The Cheesemans contend that the bankruptcy court erroneously construed section 34-1 to exclude Mrs. Cheeseman. We agree.
Under the Bankruptcy Reform Act of 1978, 11 U.S.C. § 101
et seq.
(the Act), all legal or equitable interests in property of a bankrupt debtor become part of his estate when he files pursuant to 11 U.S.C. § 301 for voluntary bankruptcy. 11 U.S.C. § 541. In order to prevent the debtor from being left destitute, however, the Act allows the bankrupt to exempt certain property from his estate. 11 U.S.C. § 522. Under section 522(b) of the Act, the debtor is permitted to choose between federal exemptions specifically enumerated in section 522(d), and those provided by other federal laws
and by state law, if the state allows the debtor to make a choice. Section 522(m) permits each debtor in a joint case to exempt property from his estate.
Virginia prohibits bankrupt individuals from choosing the federal exemptions set forth in section 522(d). Va.Code § 34-3.1 (Supp.1980).

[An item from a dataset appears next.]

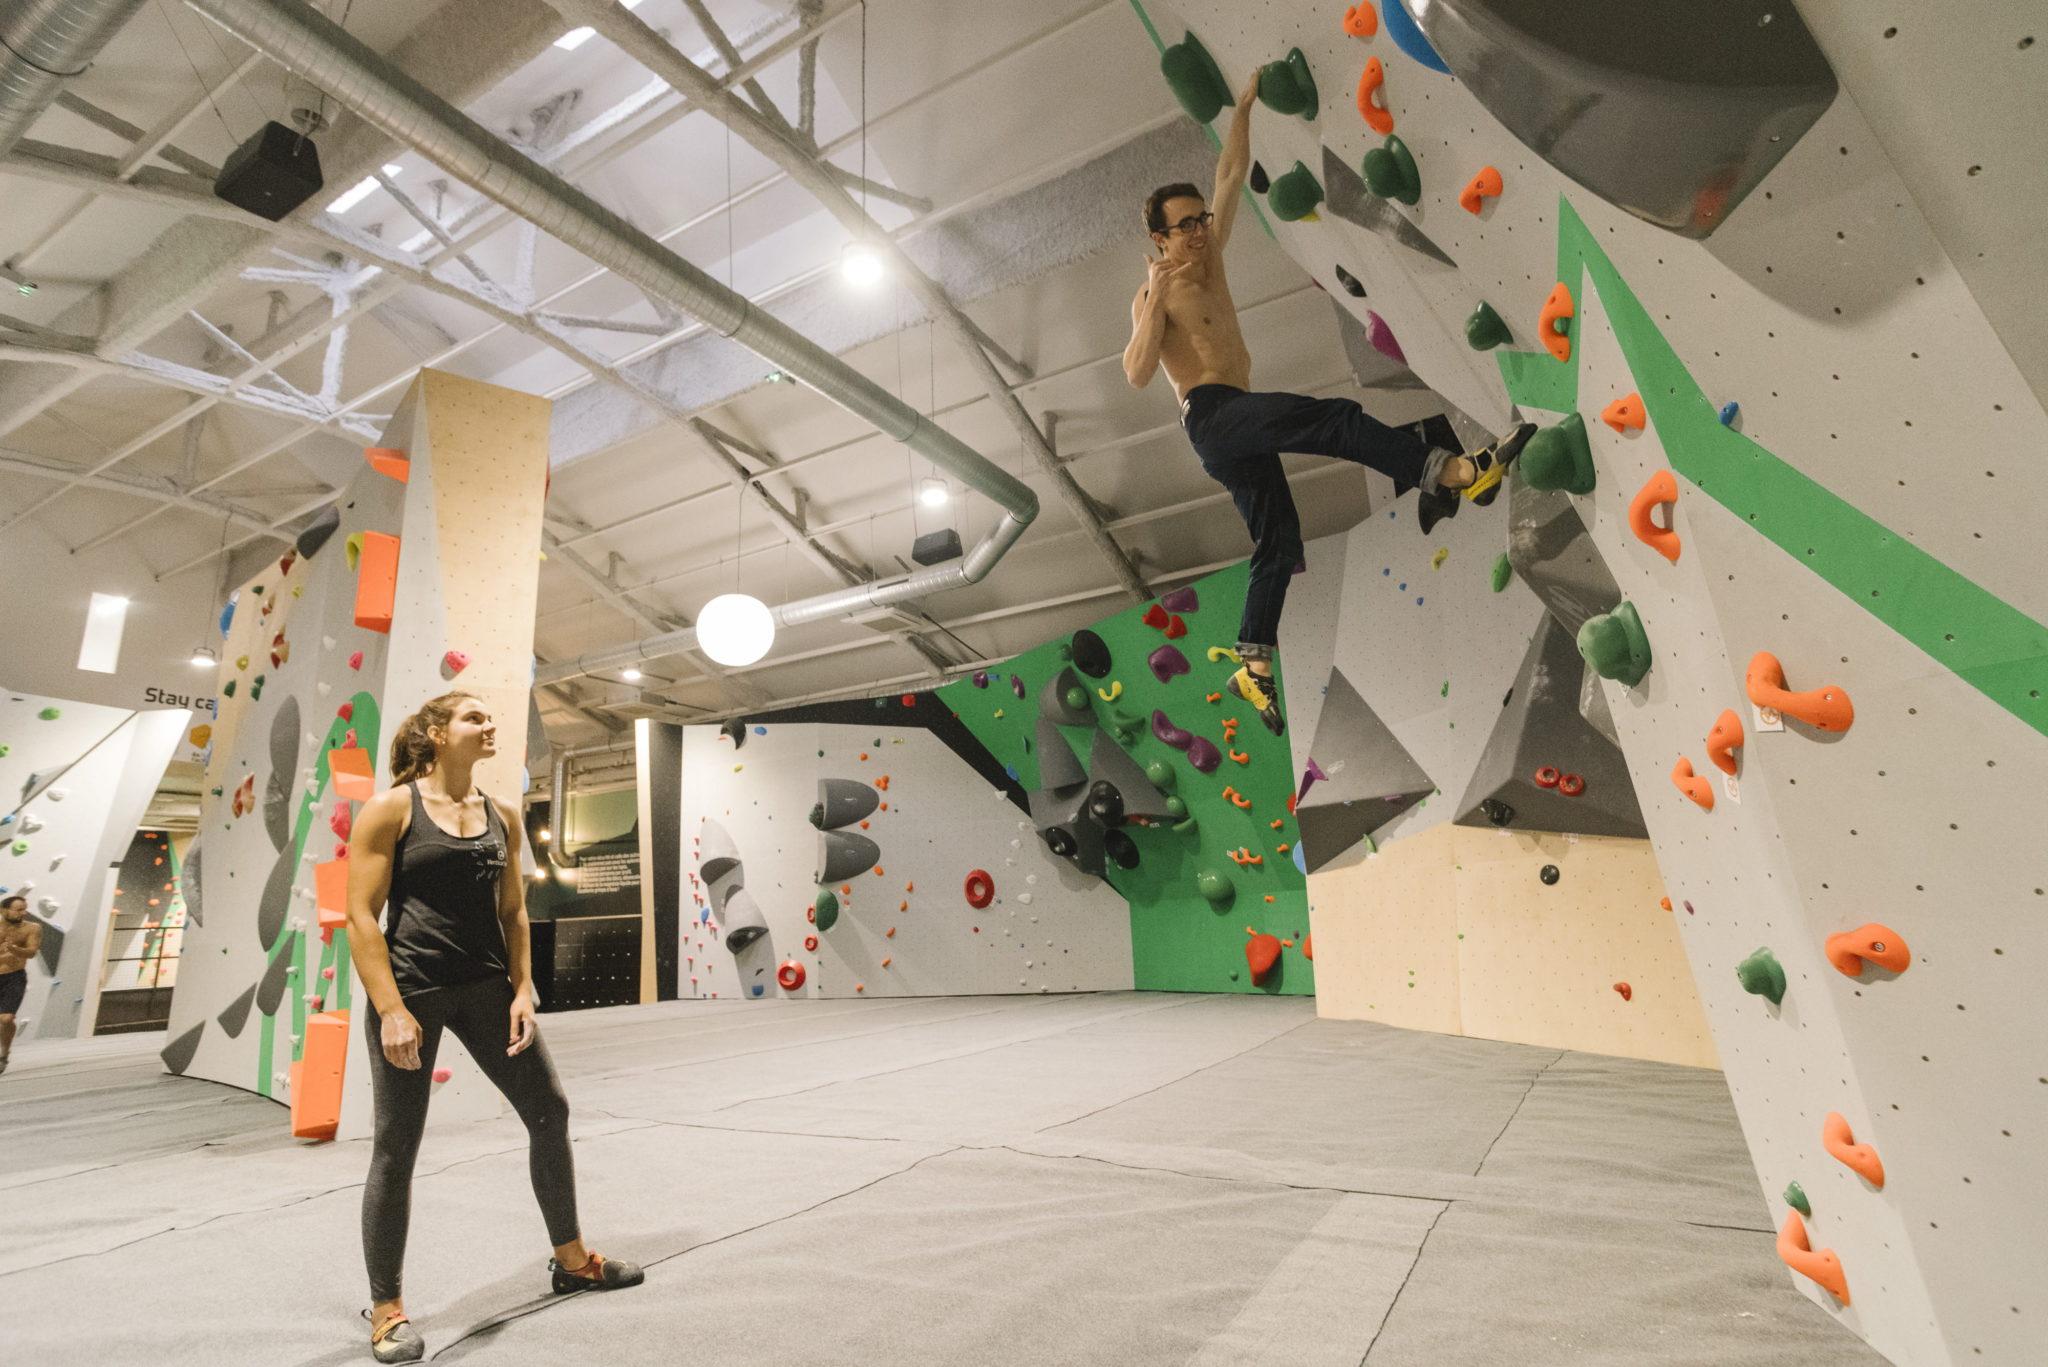 grimpeur à vertical'art pigale - ouverture et journée portes ouvertes - Vertical'Art Pigalle - paris - 18eme -
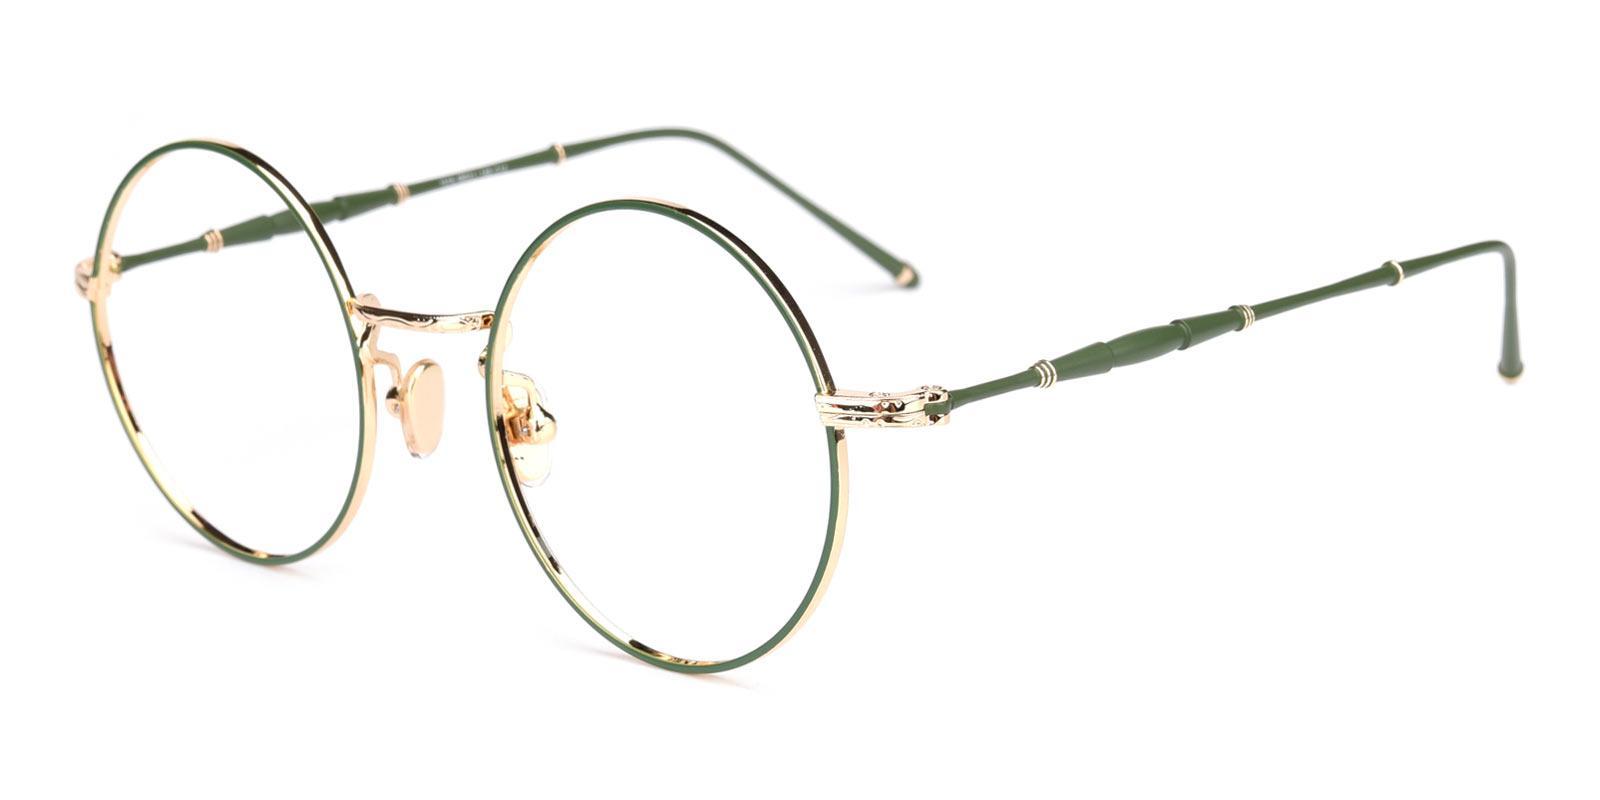 Toto-Green-Round-Metal-Eyeglasses-detail

Thus, the most important exemption available to many Virginia residents is the Virginia homestead exemption.
In this appeal, we are faced with the problem of construing Va.Code § 34-1, which defines a householder.
Apparently, no Virginia court has considered whether a husband and wife, living together, may
both be deemed householders under this definition. Thus, we must construe section 34-1 according to established rules of statutory construction.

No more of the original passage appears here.